Professor Trevor Jones gave the Health Protection Agency Annual Lecture on Infectious Diseases on Thursday and gave special emphasis to the increasing problem of extensively drug-resistant TB or XDR tuberculosis . XDR TB is almost always fatal and it is reported that severely resistant strains have spread into Europe and North America . “ We are seeing the emergence ... or re-emergence… of a number of significant infectious diseases in both the developed and the developing world e.g. influenza, malaria, tuberculosis, HIVAIDS. The causes of this varies from neglect, poor healthcare infrastructure, poverty and the absence of funding to the development of resistance and the mutation of infectious parasites and micro-organisms."

He then went on to stake the claim for more funding having previously reminded the audience that the New York XDTB outbreaks cost US$1 Bn . Ahead of World TB day on 24th March UK (not inlcuding Scotland) figures were released showing TB cases reported declined slightly from 3,541 in 2005 to 3445 in 2006 , but case numbers been rising steadily for the last 10 years with over 40% of them in London. Countries that have huge resevoirs of HIV/AIDS have been showing astonishing levels of XDTB - Russia has reported 41 percent drug resistance among patients requiring re-treatment , levels of 20% are also being found in India and South Africa

DR Salmonella spp. with resistance to antimicrobial drugs are widespread.
In developed countries such strains are zoonotic in origin and acquire their resistance in the food-animal host before onward transmission to humans through the food chain. A major problem is Salmonella typhimurium definitive phage type (DT) 104, displaying resistance to up to six commonly used antimicrobials, and some with low susceptibility to ciprofloxacin.

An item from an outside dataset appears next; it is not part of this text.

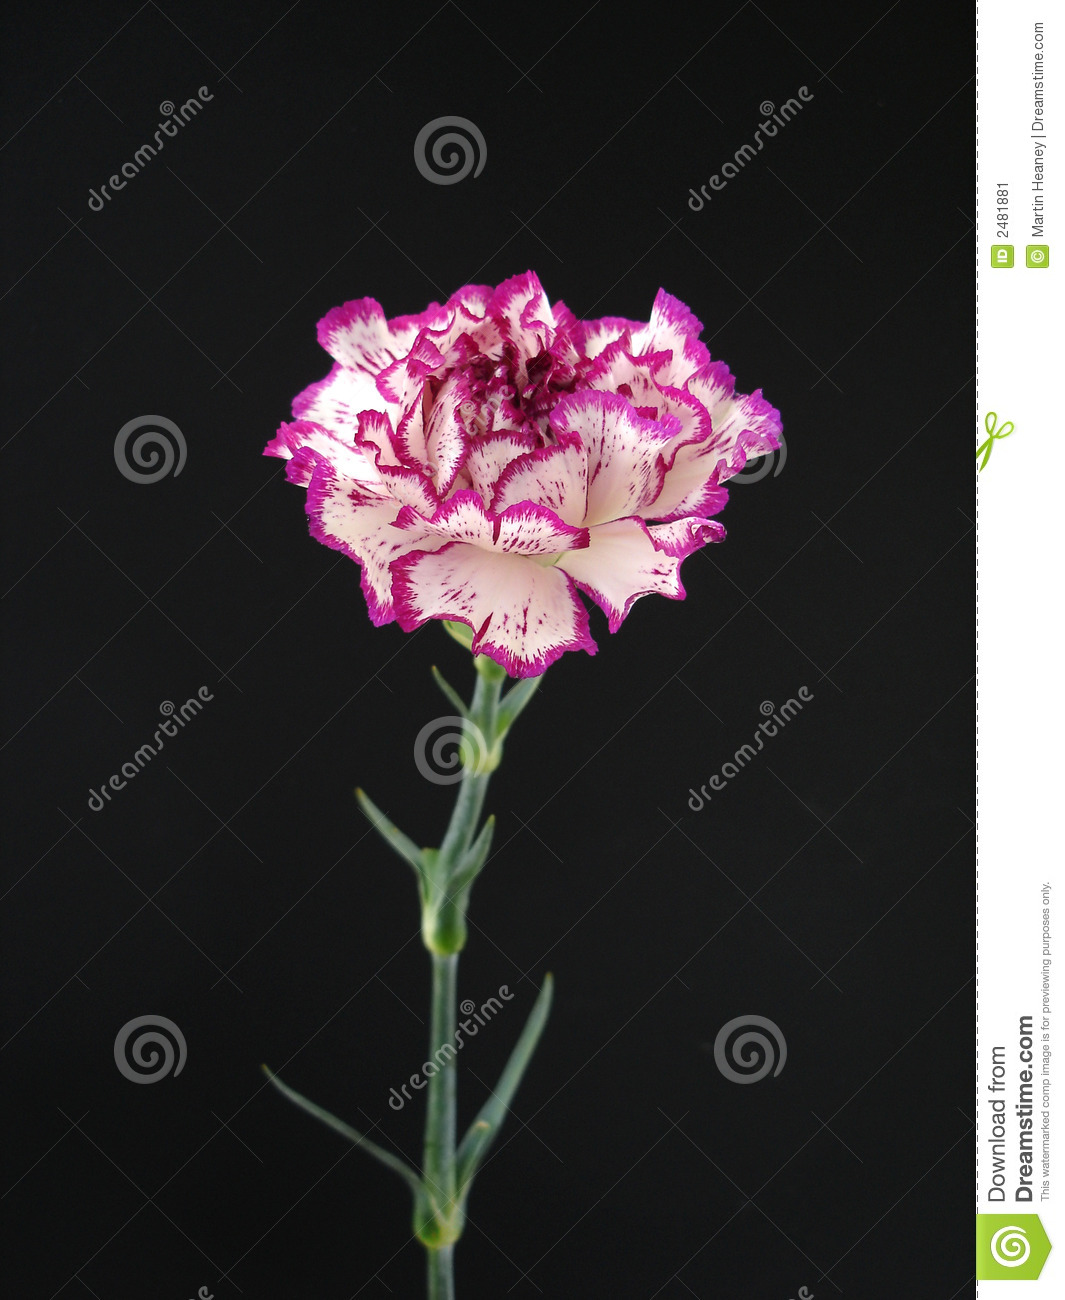 White And Purple Carnation Stock Image   Image  2481881

Multiple drug resistance ( MDR to 4 or more antimicrobials) is also common in the poultry-associated pathogens Salmonella virchow and Salmonella hadar, with an increasing number of strains of these serotypes exhibiting decreased susceptibility to ciprofloxacin.

For Salmonella typhi, multiple drug resistance is common in strains originating in the Indian subcontinent and south-east Asia often associated many with low susceptibility to ciprofloxacin.

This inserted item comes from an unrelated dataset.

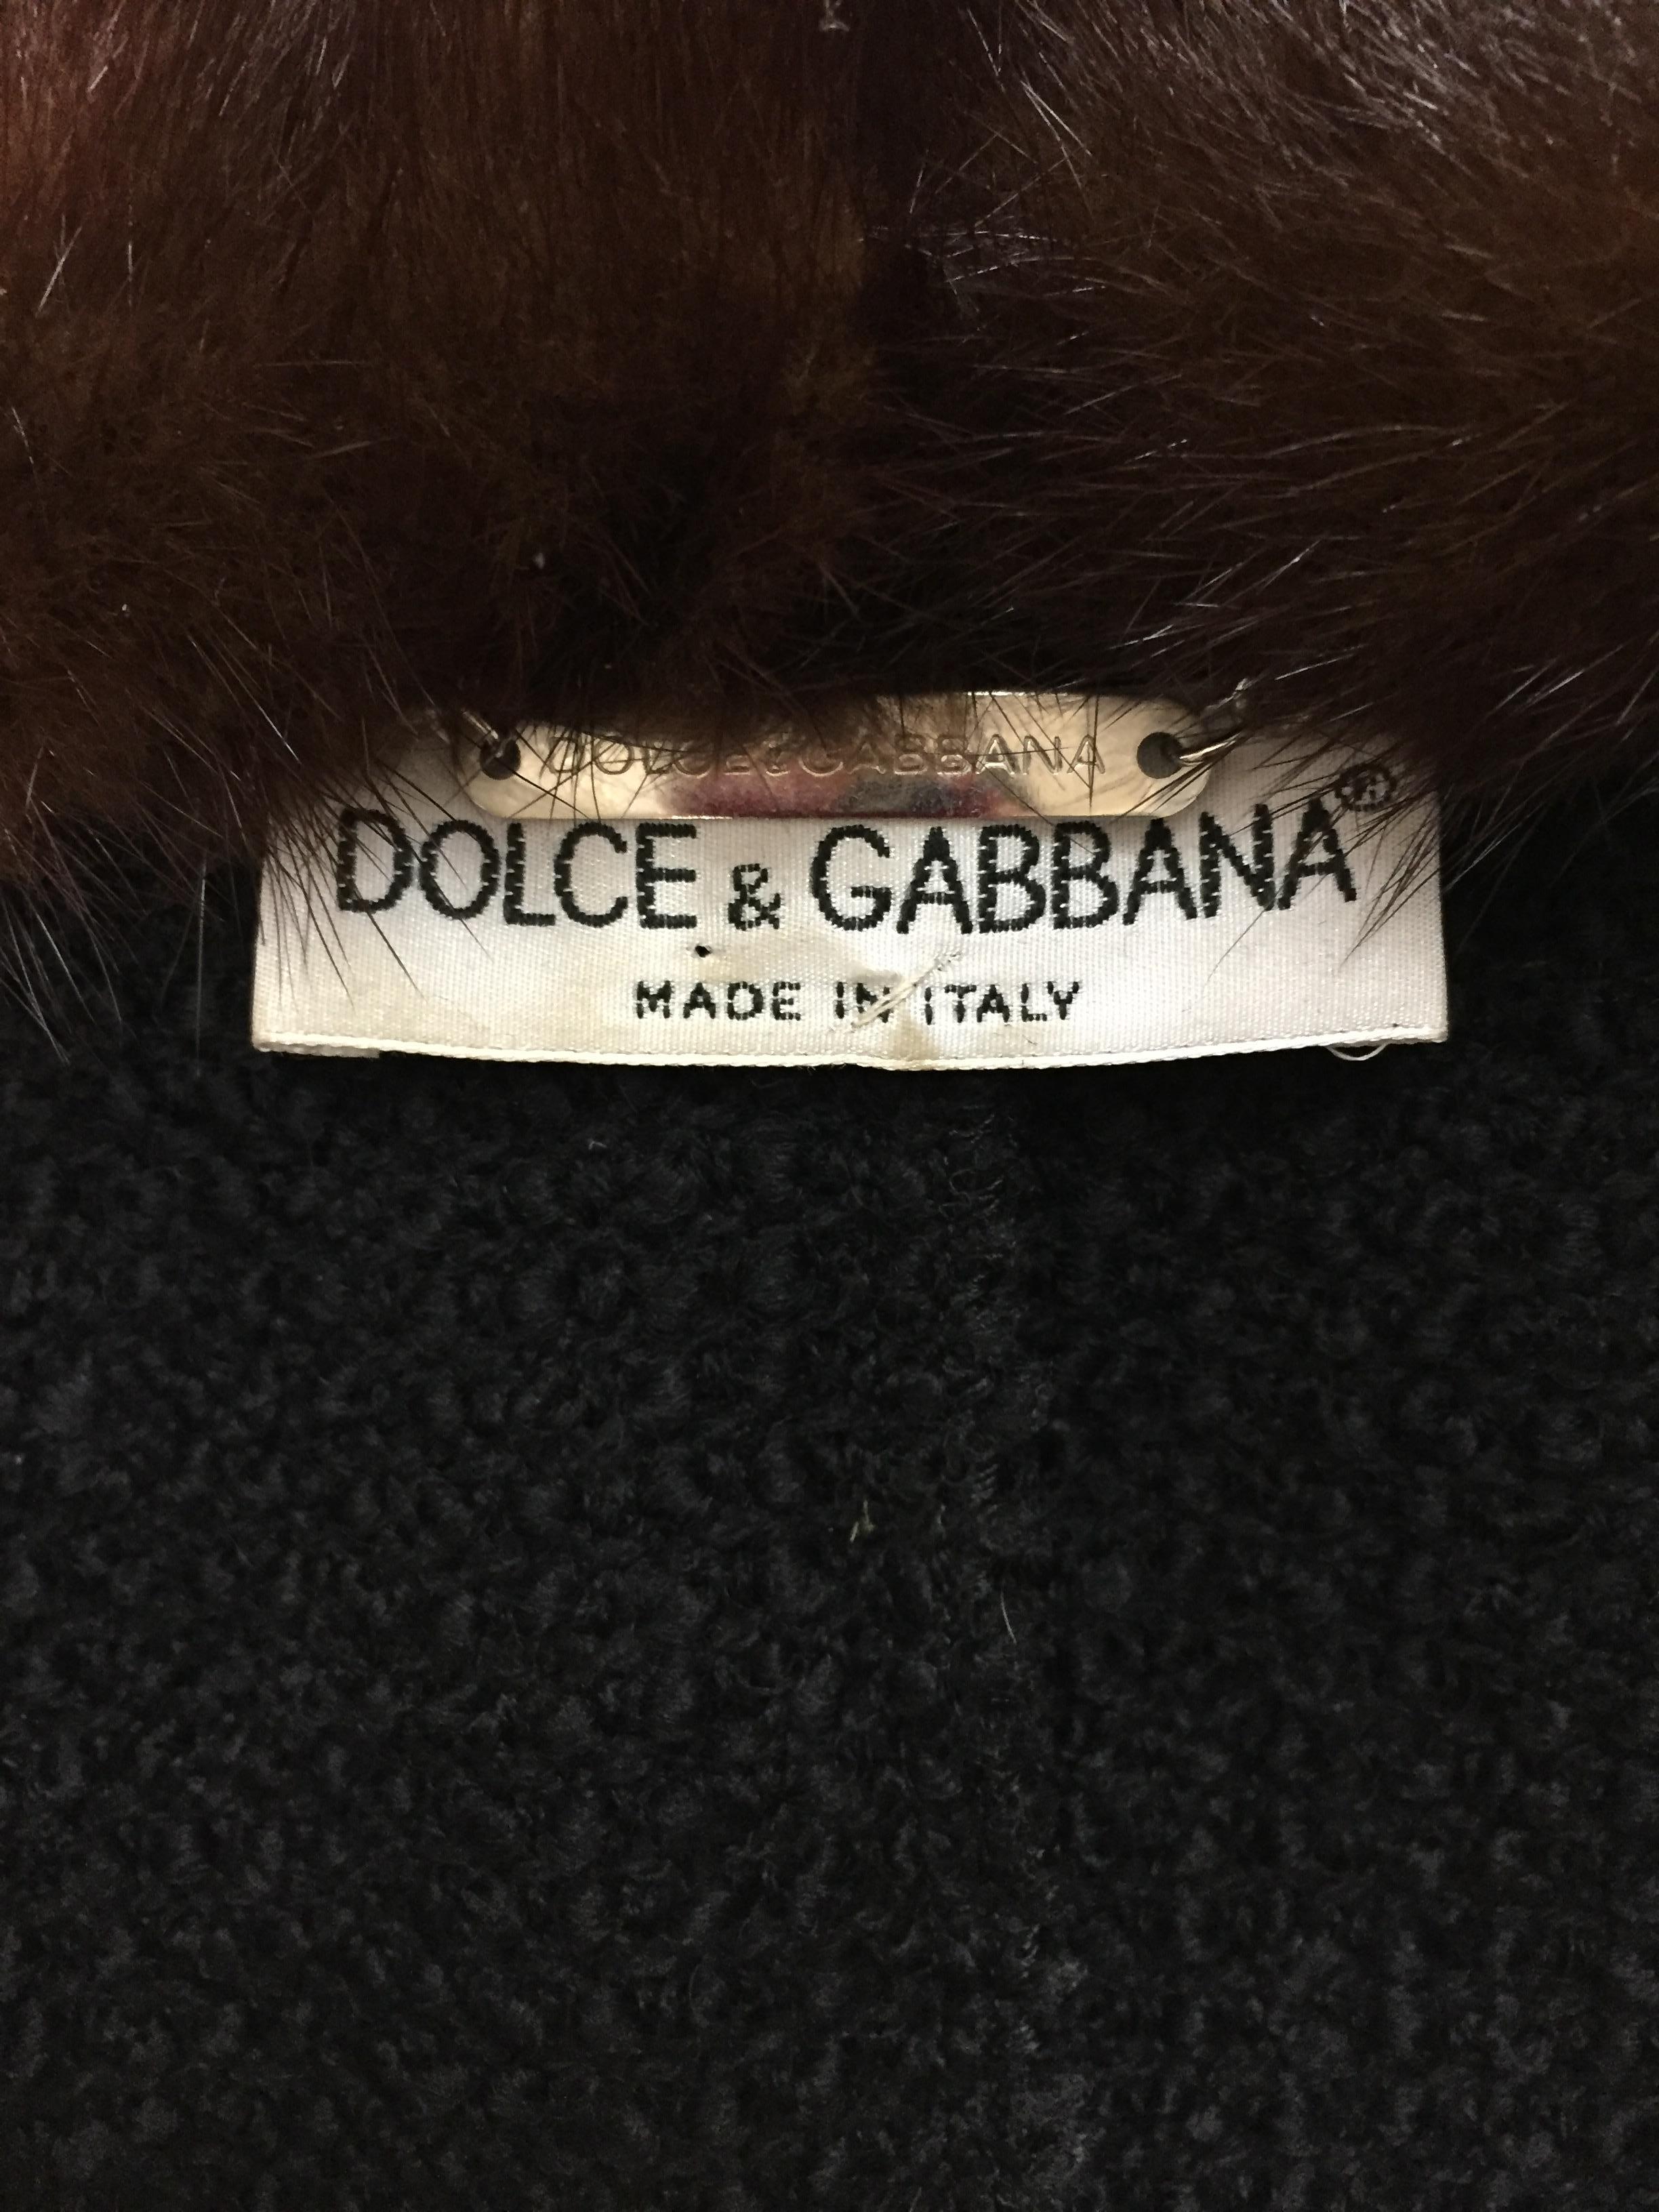 Women's S/S 1997 Dolce & Gabbana Pin-Up Black Knit Jacket & Skirt Set w Sable Fur

A study published in 2005 showed that in Turkey, MDR was particularly high among Salmonella Typhimurium isolates (76.7%), and resistance or decreased susceptibility to ciprofloxacin was seen in Salmonella Paratyphi B, Salmonella Typhimurium and Salmonella Enteritidis strains.

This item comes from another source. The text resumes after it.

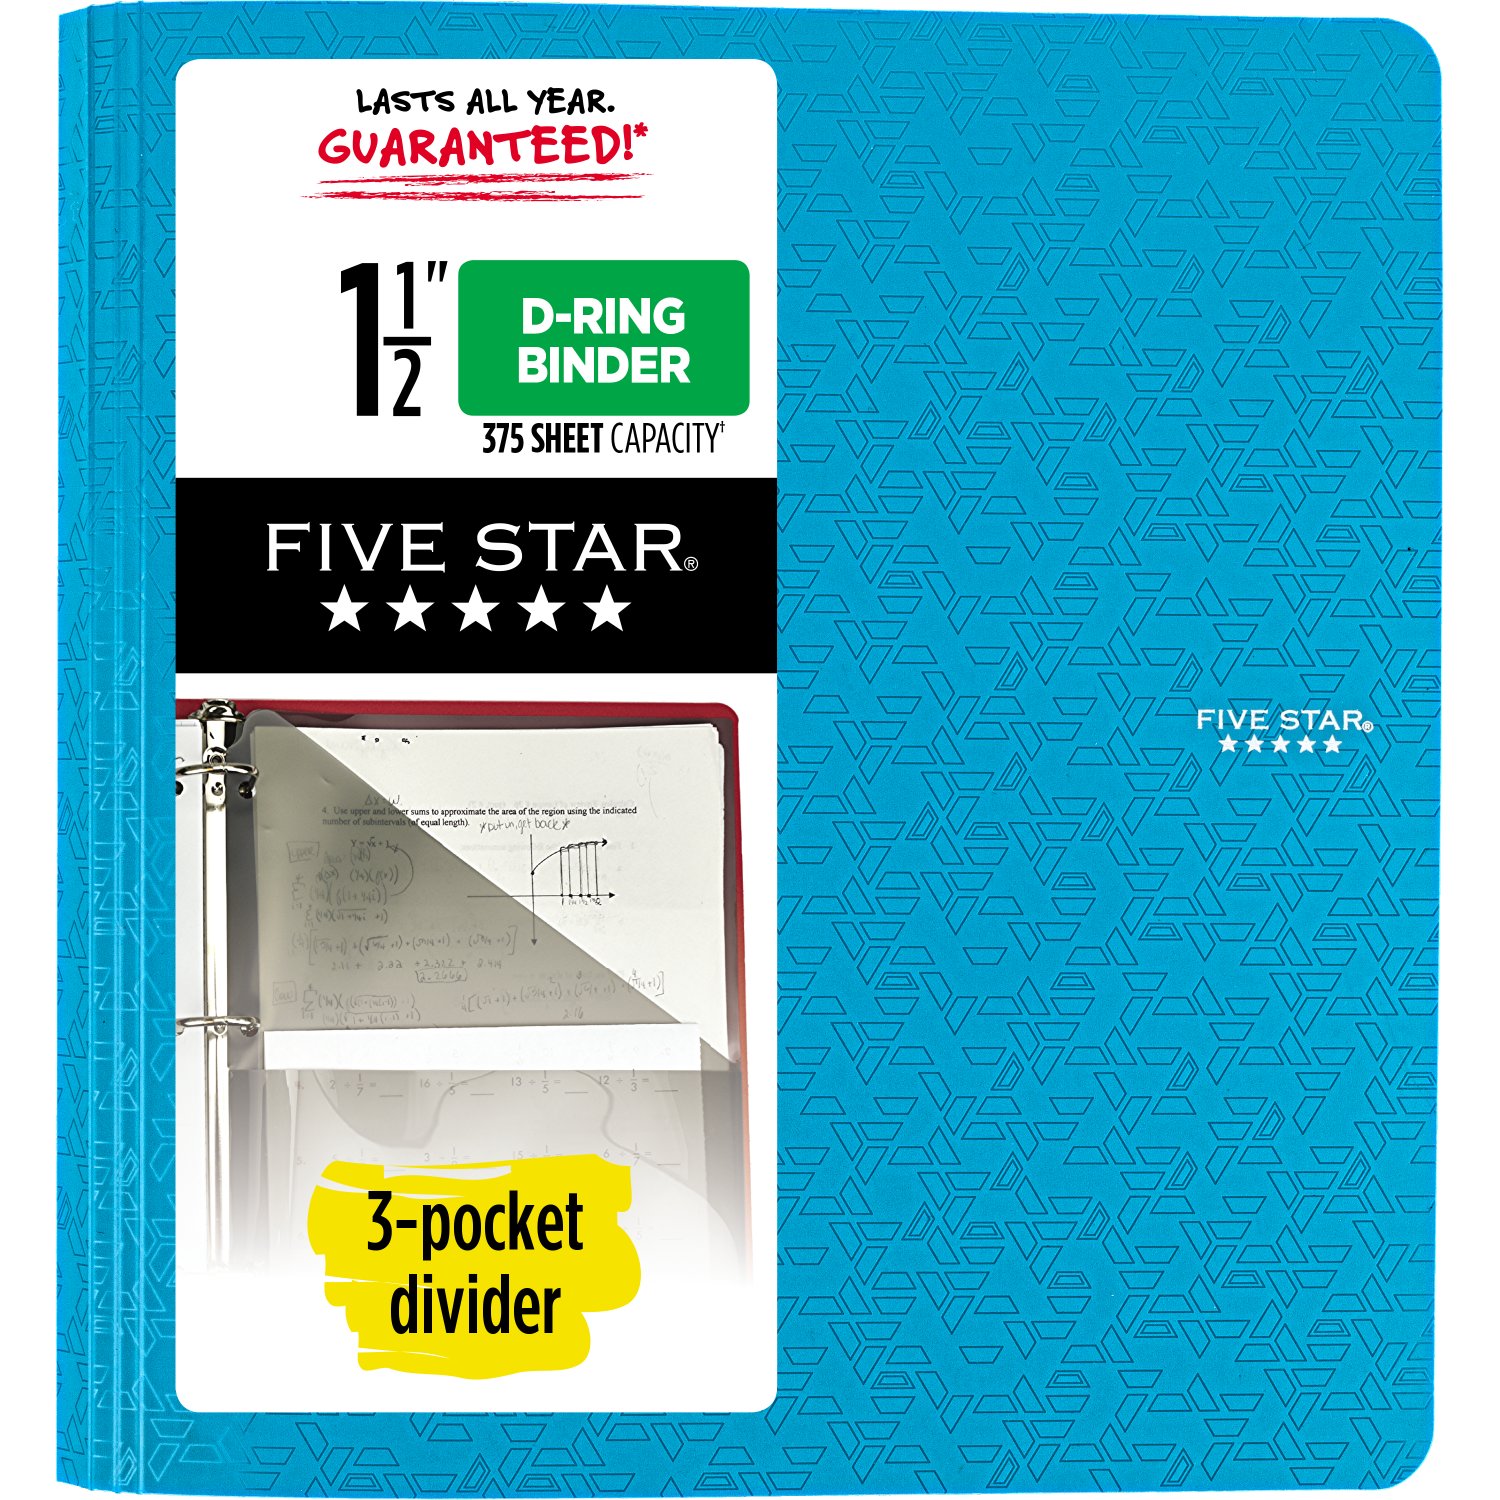 Five Star 1 1/2 Plastic Binder  University of California Riverside  Bookstore

In 2000 in a study of 27 000 cases of human salmonellosis in 10 European countries showed 40% of isolates were resistant to at least one antimicrobial, with 18% multiresistant. Resistance to ampicillin, streptomycin, sulphonamides and tetracyclines was common. In England and Wales multiple resistance was also prevalent in S. Virchow and S. Hadar

In 1998 a well known US study showed that Salmonella typhimurium with five-drug pattern of resistance increased from 0.6 percent in 1979–1980 to 34 percent in 1996. leading them to conclude . Multidrug-resistant typhimurium DT104 has become a widespread pathogen in the United States. More recent figures do not seem to be available but Danish studies show a an elevated mortality from patients with DT104 strains - 4.8 times more likely to die than the general Danish population, compared with 2.3 patients with non drug resistant strains.